■ Exercise aim
Below are the records; restate word for word the lines from the first through the one containing "Green Cloud Computing: Solutions", and only those.

■ Information shown
☆ ☆ ☆ ☆

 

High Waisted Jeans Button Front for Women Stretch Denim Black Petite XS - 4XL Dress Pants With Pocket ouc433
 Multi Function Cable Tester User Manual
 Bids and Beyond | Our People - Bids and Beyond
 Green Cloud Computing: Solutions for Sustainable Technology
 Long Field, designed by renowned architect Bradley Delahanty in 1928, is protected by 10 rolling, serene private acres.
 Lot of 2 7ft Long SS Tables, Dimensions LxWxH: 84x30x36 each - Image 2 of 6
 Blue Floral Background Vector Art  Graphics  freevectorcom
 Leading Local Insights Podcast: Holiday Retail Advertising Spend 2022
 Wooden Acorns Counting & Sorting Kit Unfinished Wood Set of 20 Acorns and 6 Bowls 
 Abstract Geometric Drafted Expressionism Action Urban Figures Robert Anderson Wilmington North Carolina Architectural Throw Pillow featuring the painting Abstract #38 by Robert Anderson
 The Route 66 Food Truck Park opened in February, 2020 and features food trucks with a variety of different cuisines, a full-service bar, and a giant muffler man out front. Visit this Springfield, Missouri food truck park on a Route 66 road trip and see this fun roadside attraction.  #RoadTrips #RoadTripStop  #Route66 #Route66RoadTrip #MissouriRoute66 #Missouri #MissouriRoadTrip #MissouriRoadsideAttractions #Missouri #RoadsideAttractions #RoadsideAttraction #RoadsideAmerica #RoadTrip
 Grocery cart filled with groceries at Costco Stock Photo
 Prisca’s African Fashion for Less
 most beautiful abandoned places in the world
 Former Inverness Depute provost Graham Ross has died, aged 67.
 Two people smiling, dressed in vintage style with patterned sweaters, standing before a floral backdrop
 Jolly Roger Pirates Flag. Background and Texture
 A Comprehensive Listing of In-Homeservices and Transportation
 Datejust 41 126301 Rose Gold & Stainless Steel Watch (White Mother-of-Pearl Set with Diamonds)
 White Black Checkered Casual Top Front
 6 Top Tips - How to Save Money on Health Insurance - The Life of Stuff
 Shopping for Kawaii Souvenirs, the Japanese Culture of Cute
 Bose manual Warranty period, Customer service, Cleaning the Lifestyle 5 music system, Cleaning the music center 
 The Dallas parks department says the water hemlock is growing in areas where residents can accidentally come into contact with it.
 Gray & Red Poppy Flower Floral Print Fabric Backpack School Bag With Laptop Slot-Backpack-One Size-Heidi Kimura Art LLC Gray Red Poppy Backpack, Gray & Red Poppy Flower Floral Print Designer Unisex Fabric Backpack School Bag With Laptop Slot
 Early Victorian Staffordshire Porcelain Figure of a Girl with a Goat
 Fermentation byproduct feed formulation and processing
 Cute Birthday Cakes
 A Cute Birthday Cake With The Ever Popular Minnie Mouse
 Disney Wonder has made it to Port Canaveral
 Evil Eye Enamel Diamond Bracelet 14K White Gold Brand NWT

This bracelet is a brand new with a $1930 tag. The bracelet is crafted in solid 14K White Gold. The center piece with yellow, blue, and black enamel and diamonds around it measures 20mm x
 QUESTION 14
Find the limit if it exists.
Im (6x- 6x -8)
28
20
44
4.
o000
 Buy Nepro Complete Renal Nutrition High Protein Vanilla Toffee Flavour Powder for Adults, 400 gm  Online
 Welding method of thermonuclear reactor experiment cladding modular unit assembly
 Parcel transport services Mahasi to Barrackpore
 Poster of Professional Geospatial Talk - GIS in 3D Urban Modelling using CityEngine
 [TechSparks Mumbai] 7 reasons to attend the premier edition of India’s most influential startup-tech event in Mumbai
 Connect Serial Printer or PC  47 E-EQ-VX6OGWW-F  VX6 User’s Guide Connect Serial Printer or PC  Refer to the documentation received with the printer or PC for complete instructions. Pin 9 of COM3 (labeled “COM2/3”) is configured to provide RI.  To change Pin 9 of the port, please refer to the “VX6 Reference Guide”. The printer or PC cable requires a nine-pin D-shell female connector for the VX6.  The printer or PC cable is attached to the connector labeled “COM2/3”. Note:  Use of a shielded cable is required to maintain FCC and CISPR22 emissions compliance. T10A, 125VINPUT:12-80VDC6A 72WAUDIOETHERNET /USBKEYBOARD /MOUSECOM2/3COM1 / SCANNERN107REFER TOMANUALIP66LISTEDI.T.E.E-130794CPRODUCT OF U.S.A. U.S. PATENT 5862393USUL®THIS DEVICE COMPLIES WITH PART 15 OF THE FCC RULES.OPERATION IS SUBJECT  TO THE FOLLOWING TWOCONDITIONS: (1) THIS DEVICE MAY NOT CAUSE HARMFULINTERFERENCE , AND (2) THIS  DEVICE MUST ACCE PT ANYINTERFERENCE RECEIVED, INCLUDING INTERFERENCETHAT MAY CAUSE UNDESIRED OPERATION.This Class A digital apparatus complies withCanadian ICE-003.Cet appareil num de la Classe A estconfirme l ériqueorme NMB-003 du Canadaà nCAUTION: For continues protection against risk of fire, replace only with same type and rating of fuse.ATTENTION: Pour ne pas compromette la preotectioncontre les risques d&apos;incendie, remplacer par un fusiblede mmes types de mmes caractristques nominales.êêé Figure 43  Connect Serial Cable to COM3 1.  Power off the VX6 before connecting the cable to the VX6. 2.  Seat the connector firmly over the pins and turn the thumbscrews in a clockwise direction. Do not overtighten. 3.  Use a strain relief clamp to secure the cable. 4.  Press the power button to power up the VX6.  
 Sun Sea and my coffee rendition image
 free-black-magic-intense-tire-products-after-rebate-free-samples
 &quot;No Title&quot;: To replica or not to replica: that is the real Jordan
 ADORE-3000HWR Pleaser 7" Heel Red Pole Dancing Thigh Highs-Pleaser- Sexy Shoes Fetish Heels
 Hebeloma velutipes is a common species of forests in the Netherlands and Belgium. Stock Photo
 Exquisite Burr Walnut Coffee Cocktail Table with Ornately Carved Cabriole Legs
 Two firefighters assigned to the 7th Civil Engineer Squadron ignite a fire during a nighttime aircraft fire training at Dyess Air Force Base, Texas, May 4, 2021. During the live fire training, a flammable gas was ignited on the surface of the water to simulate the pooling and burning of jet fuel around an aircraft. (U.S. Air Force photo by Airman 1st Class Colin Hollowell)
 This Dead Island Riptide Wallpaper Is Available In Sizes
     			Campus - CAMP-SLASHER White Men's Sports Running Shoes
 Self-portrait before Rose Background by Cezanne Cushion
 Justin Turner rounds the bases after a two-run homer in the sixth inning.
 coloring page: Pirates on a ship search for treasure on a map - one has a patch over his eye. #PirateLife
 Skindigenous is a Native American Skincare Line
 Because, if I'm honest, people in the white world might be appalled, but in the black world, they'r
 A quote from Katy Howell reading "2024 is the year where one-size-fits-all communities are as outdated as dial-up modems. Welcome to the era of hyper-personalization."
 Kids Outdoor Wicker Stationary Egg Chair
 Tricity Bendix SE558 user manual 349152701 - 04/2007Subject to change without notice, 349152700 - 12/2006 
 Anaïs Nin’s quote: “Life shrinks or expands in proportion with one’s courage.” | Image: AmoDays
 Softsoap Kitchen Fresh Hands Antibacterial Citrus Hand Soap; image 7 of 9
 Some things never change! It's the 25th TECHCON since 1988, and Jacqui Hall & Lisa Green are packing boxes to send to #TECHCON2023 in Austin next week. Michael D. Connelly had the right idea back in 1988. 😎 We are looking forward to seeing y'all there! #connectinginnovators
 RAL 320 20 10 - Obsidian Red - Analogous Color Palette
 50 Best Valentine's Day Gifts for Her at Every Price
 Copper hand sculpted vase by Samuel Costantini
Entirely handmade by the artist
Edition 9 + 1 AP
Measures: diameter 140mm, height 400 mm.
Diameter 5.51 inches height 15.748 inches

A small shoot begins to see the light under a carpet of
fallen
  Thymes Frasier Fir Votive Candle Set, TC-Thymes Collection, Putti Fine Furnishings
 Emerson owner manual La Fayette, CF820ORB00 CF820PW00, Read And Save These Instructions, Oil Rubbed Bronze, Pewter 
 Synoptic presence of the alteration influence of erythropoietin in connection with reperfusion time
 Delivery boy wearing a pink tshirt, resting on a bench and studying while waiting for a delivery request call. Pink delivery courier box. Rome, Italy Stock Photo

☆ ☆ ☆ ☆

■ Finished task
High Waisted Jeans Button Front for Women Stretch Denim Black Petite XS - 4XL Dress Pants With Pocket ouc433
 Multi Function Cable Tester User Manual
 Bids and Beyond | Our People - Bids and Beyond
 Green Cloud Computing: Solutions for Sustainable Technology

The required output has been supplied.